*** Data shown ***

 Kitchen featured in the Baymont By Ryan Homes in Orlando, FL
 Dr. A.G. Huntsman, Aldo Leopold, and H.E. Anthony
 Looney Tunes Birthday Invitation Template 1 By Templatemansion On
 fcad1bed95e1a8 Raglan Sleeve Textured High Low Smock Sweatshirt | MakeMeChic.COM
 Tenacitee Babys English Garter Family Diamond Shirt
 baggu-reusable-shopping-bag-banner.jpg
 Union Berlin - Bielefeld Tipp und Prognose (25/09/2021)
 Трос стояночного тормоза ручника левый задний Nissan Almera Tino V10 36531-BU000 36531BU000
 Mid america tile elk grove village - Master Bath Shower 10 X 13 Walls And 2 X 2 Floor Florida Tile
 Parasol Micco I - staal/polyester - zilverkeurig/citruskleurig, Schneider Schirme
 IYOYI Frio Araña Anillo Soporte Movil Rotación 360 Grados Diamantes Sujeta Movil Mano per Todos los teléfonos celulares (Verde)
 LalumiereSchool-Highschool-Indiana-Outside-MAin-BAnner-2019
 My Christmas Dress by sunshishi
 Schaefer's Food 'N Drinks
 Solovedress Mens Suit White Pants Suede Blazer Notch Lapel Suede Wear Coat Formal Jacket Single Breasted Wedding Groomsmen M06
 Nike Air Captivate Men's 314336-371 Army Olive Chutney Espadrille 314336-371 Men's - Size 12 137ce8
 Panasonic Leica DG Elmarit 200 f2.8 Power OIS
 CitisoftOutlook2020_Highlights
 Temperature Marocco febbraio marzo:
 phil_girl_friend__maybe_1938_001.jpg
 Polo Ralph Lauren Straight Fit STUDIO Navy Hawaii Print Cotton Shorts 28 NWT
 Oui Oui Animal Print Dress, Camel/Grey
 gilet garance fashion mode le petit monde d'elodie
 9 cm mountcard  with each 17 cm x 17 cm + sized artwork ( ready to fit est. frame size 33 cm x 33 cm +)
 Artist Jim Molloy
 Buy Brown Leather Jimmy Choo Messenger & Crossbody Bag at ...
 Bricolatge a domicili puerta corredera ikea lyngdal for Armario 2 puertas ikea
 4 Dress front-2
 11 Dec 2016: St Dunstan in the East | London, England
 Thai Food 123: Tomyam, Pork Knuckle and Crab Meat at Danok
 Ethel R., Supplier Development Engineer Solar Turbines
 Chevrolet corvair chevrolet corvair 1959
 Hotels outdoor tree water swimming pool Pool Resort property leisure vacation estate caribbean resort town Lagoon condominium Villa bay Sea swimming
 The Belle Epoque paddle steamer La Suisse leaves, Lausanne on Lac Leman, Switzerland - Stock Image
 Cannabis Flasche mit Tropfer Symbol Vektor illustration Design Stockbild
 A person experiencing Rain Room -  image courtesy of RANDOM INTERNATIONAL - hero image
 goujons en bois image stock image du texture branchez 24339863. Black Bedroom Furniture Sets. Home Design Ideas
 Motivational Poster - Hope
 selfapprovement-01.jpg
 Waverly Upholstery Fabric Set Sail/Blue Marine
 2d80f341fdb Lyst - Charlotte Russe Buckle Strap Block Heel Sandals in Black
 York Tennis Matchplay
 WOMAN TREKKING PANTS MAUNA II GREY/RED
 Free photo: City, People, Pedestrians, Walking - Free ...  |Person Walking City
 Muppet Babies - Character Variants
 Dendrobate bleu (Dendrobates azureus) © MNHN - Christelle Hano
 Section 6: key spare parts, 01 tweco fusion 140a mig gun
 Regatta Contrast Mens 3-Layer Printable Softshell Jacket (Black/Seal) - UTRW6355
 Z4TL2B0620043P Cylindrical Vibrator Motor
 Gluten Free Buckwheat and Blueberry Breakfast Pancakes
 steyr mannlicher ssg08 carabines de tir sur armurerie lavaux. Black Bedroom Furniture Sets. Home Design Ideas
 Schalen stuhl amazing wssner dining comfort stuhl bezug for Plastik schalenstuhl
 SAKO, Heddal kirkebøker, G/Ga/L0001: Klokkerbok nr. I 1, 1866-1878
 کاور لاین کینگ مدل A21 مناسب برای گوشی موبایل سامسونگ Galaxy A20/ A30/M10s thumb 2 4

***

(What you are asked to do):
Give the data again, exactly as it stands.

(Answer section):
 Kitchen featured in the Baymont By Ryan Homes in Orlando, FL
 Dr. A.G. Huntsman, Aldo Leopold, and H.E. Anthony
 Looney Tunes Birthday Invitation Template 1 By Templatemansion On
 fcad1bed95e1a8 Raglan Sleeve Textured High Low Smock Sweatshirt | MakeMeChic.COM
 Tenacitee Babys English Garter Family Diamond Shirt
 baggu-reusable-shopping-bag-banner.jpg
 Union Berlin - Bielefeld Tipp und Prognose (25/09/2021)
 Трос стояночного тормоза ручника левый задний Nissan Almera Tino V10 36531-BU000 36531BU000
 Mid america tile elk grove village - Master Bath Shower 10 X 13 Walls And 2 X 2 Floor Florida Tile
 Parasol Micco I - staal/polyester - zilverkeurig/citruskleurig, Schneider Schirme
 IYOYI Frio Araña Anillo Soporte Movil Rotación 360 Grados Diamantes Sujeta Movil Mano per Todos los teléfonos celulares (Verde)
 LalumiereSchool-Highschool-Indiana-Outside-MAin-BAnner-2019
 My Christmas Dress by sunshishi
 Schaefer's Food 'N Drinks
 Solovedress Mens Suit White Pants Suede Blazer Notch Lapel Suede Wear Coat Formal Jacket Single Breasted Wedding Groomsmen M06
 Nike Air Captivate Men's 314336-371 Army Olive Chutney Espadrille 314336-371 Men's - Size 12 137ce8
 Panasonic Leica DG Elmarit 200 f2.8 Power OIS
 CitisoftOutlook2020_Highlights
 Temperature Marocco febbraio marzo:
 phil_girl_friend__maybe_1938_001.jpg
 Polo Ralph Lauren Straight Fit STUDIO Navy Hawaii Print Cotton Shorts 28 NWT
 Oui Oui Animal Print Dress, Camel/Grey
 gilet garance fashion mode le petit monde d'elodie
 9 cm mountcard  with each 17 cm x 17 cm + sized artwork ( ready to fit est. frame size 33 cm x 33 cm +)
 Artist Jim Molloy
 Buy Brown Leather Jimmy Choo Messenger & Crossbody Bag at ...
 Bricolatge a domicili puerta corredera ikea lyngdal for Armario 2 puertas ikea
 4 Dress front-2
 11 Dec 2016: St Dunstan in the East | London, England
 Thai Food 123: Tomyam, Pork Knuckle and Crab Meat at Danok
 Ethel R., Supplier Development Engineer Solar Turbines
 Chevrolet corvair chevrolet corvair 1959
 Hotels outdoor tree water swimming pool Pool Resort property leisure vacation estate caribbean resort town Lagoon condominium Villa bay Sea swimming
 The Belle Epoque paddle steamer La Suisse leaves, Lausanne on Lac Leman, Switzerland - Stock Image
 Cannabis Flasche mit Tropfer Symbol Vektor illustration Design Stockbild
 A person experiencing Rain Room -  image courtesy of RANDOM INTERNATIONAL - hero image
 goujons en bois image stock image du texture branchez 24339863. Black Bedroom Furniture Sets. Home Design Ideas
 Motivational Poster - Hope
 selfapprovement-01.jpg
 Waverly Upholstery Fabric Set Sail/Blue Marine
 2d80f341fdb Lyst - Charlotte Russe Buckle Strap Block Heel Sandals in Black
 York Tennis Matchplay
 WOMAN TREKKING PANTS MAUNA II GREY/RED
 Free photo: City, People, Pedestrians, Walking - Free ...  |Person Walking City
 Muppet Babies - Character Variants
 Dendrobate bleu (Dendrobates azureus) © MNHN - Christelle Hano
 Section 6: key spare parts, 01 tweco fusion 140a mig gun
 Regatta Contrast Mens 3-Layer Printable Softshell Jacket (Black/Seal) - UTRW6355
 Z4TL2B0620043P Cylindrical Vibrator Motor
 Gluten Free Buckwheat and Blueberry Breakfast Pancakes
 steyr mannlicher ssg08 carabines de tir sur armurerie lavaux. Black Bedroom Furniture Sets. Home Design Ideas
 Schalen stuhl amazing wssner dining comfort stuhl bezug for Plastik schalenstuhl
 SAKO, Heddal kirkebøker, G/Ga/L0001: Klokkerbok nr. I 1, 1866-1878
 کاور لاین کینگ مدل A21 مناسب برای گوشی موبایل سامسونگ Galaxy A20/ A30/M10s thumb 2 4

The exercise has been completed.